Here’s a connection that you might not be aware of: some allergy sufferers find that their allergens don’t just trigger the most common symptoms, they also trigger migraines.

Fred Belcher knows all about this. Winter weather chases his migraines away. At other times of the year, Belcher is debilitated by his severe headaches: “Light would affect me. [The headache] would pretty much shut me down.”

The migraines coincided with the onset of the allergy season.

Dr Min Ku, an allergist, indicated that Belcher’s predicament is not all that unusual. With nasal allergies, you run a risk of migraine over 14 times higher than folks without allergies.

How do allergies trigger migraines? The histamine released in an allergic reaction causes swelling of blood vessels and other nasal tissues. The pressure and constriction of blood flow are what causes the headache.

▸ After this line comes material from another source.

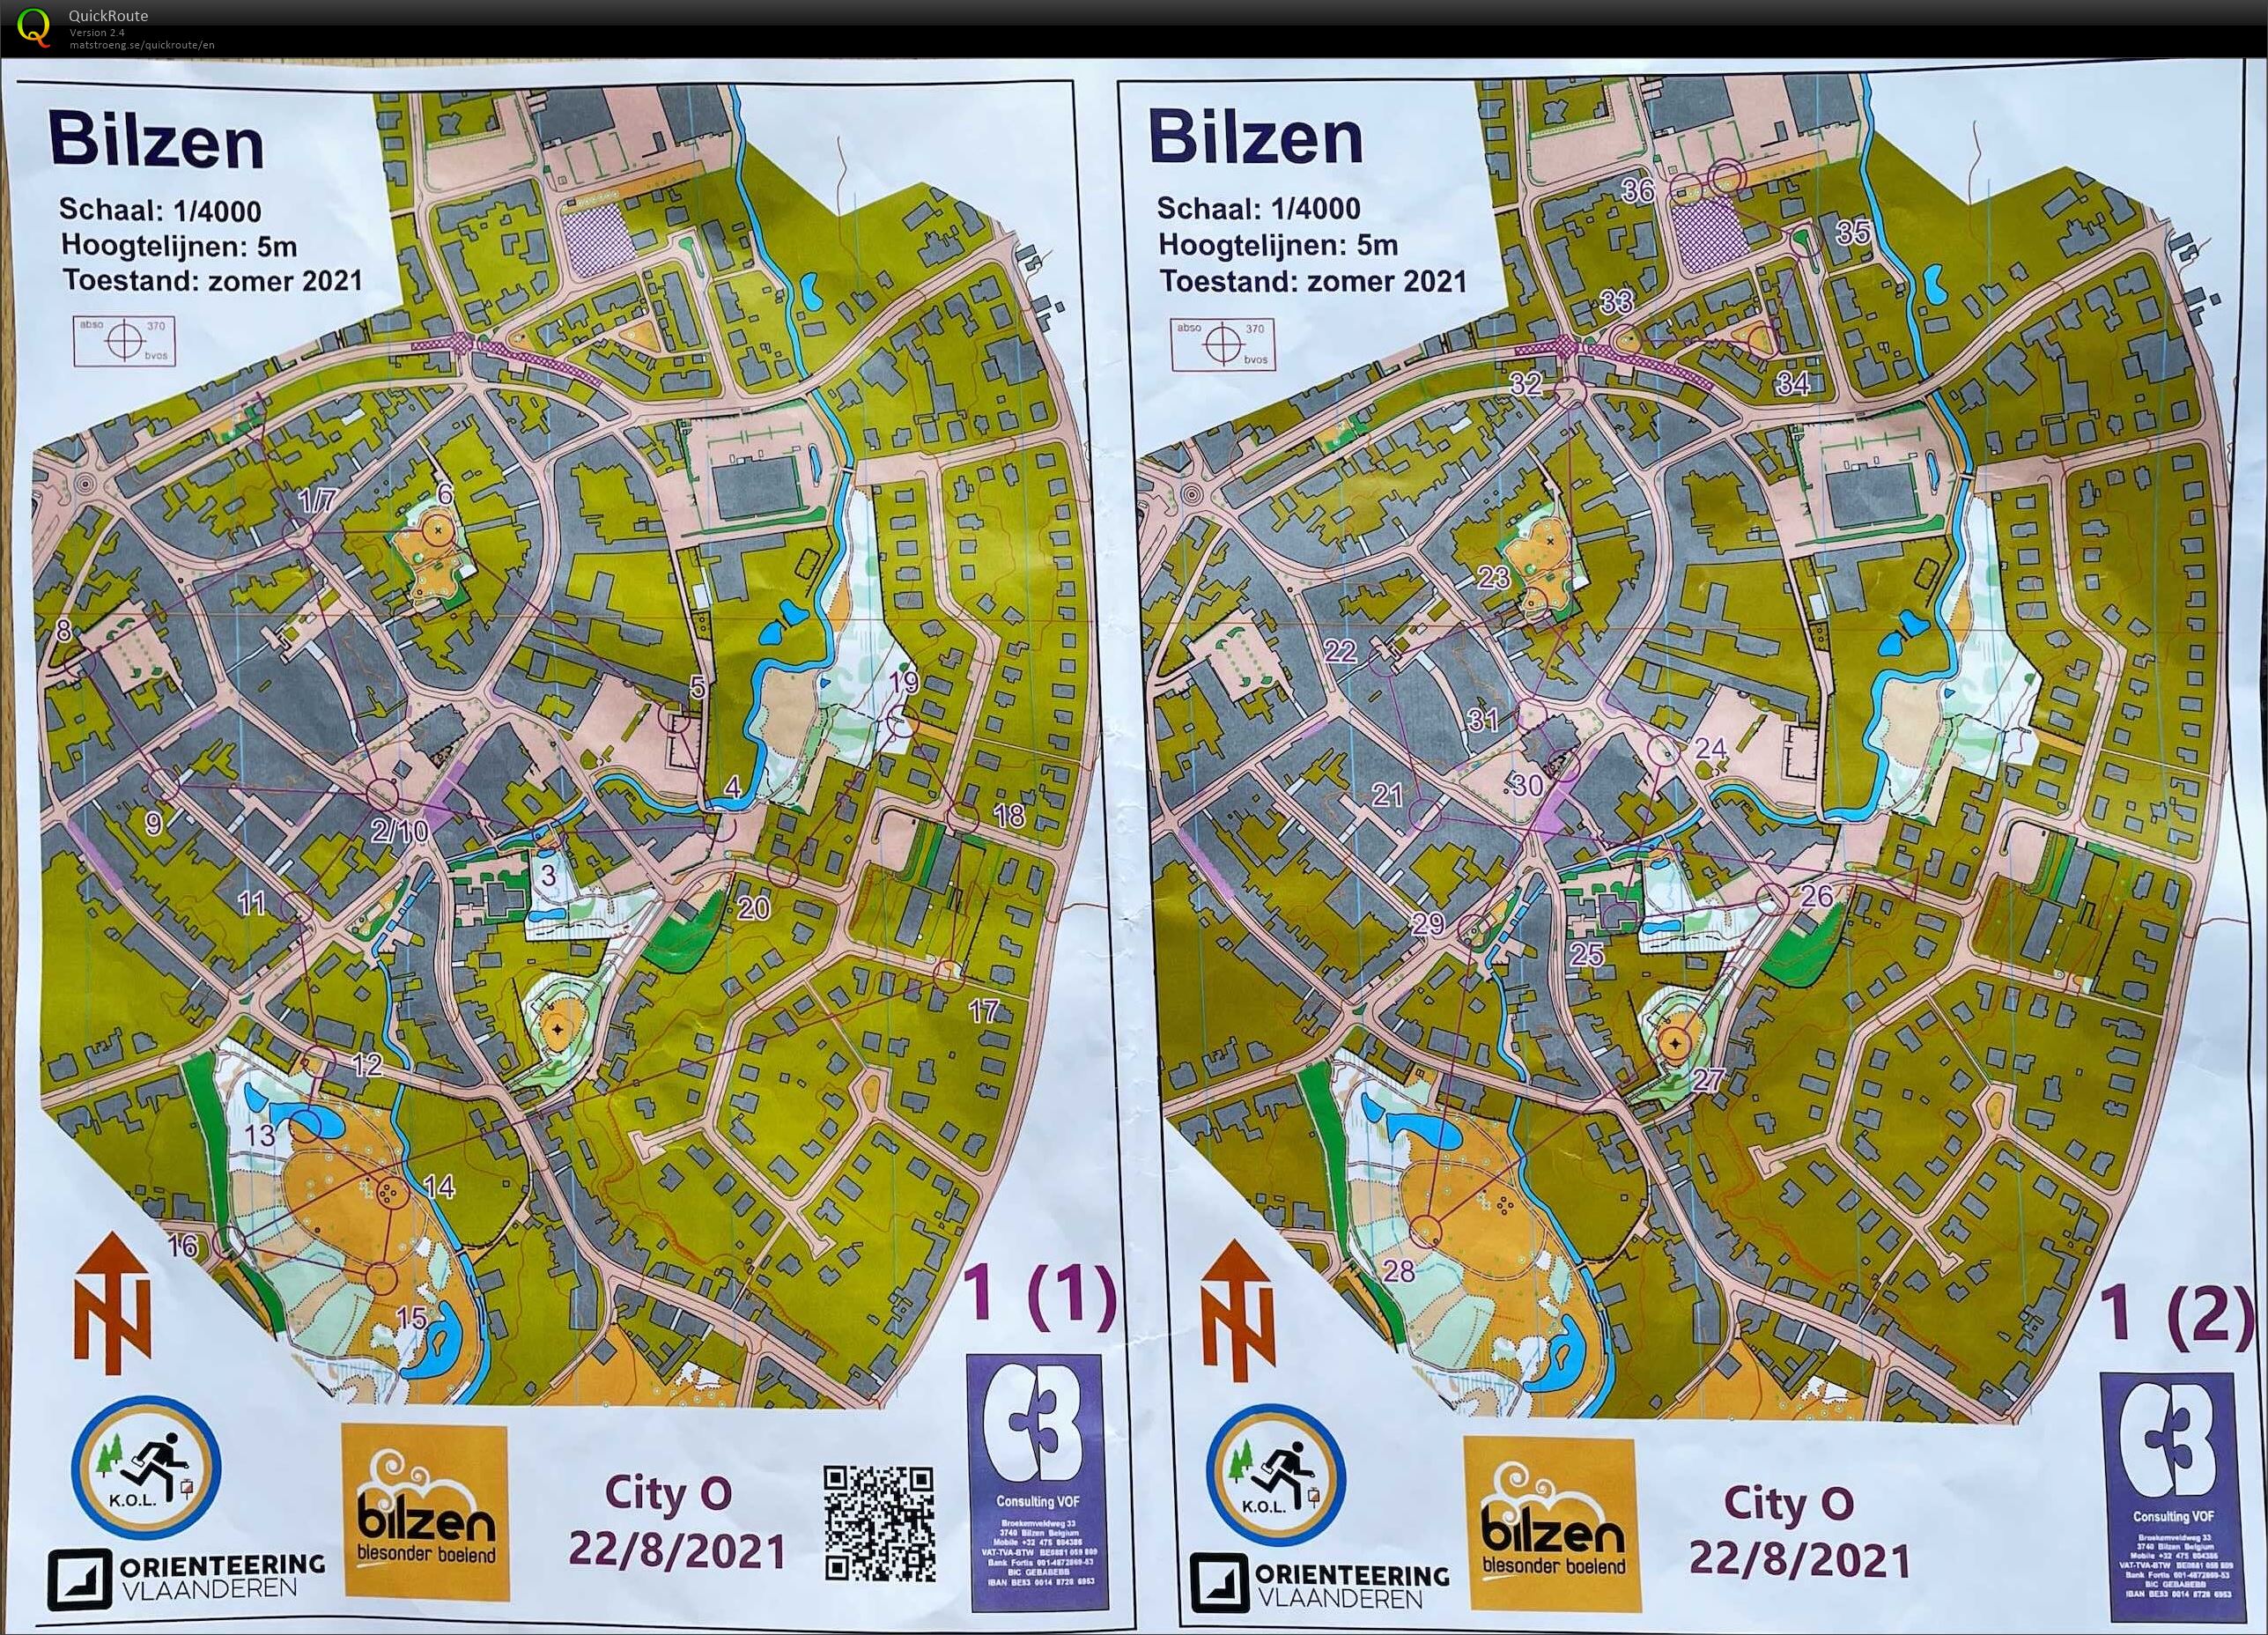 City-O Bilzen (2021-08-22)

Ku indicated that when doctors treat the nasal allergies aggressively, that migraines often get better.

Treatment options to target nasal passages include steroid sprays. Other treatments that help to reduce environmental allergies include allergy shots – but this is a long term strategy and will not decrease migraines in the short term.

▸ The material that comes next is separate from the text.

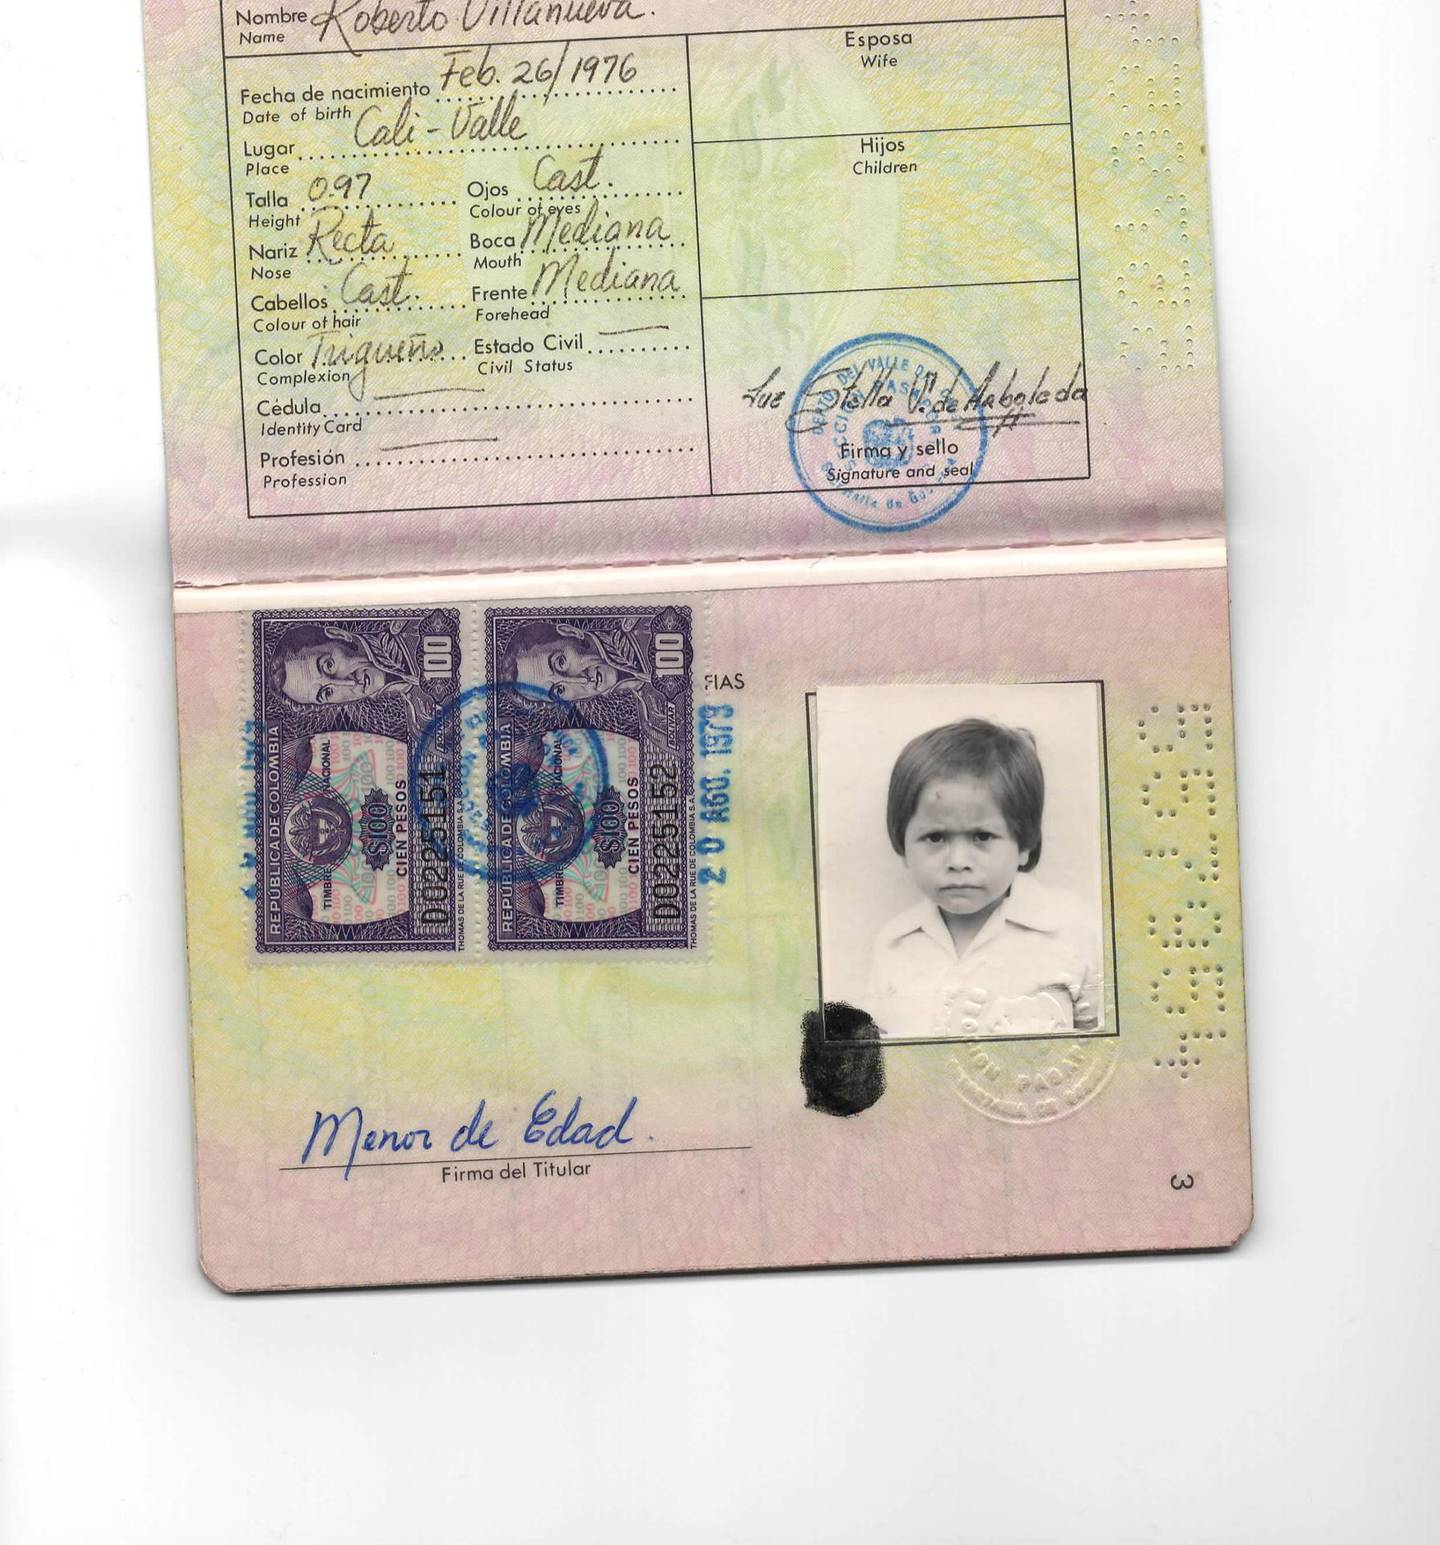 Robertos falske pass. Det står at han er født i 1976, men egentlig var han født i 1974.

Allergy shots use the “vaccine” theory to help to reduce your reaction to allergens. Each shot is comprised of a small dose of your allergen. You start with the smallest dose that you can tolerate and progress slowly to larger and larger doses, building up tolerance to the allergen along the way. Most courses of treatment will run for years, in order for the patient to get maximum benefit.

If allergy shots could be right for you, start them now while the winter is still upon us. While you can begin treatment for environmental allergens at any time, the only way allergy shots will give you some relief next spring is if you start now.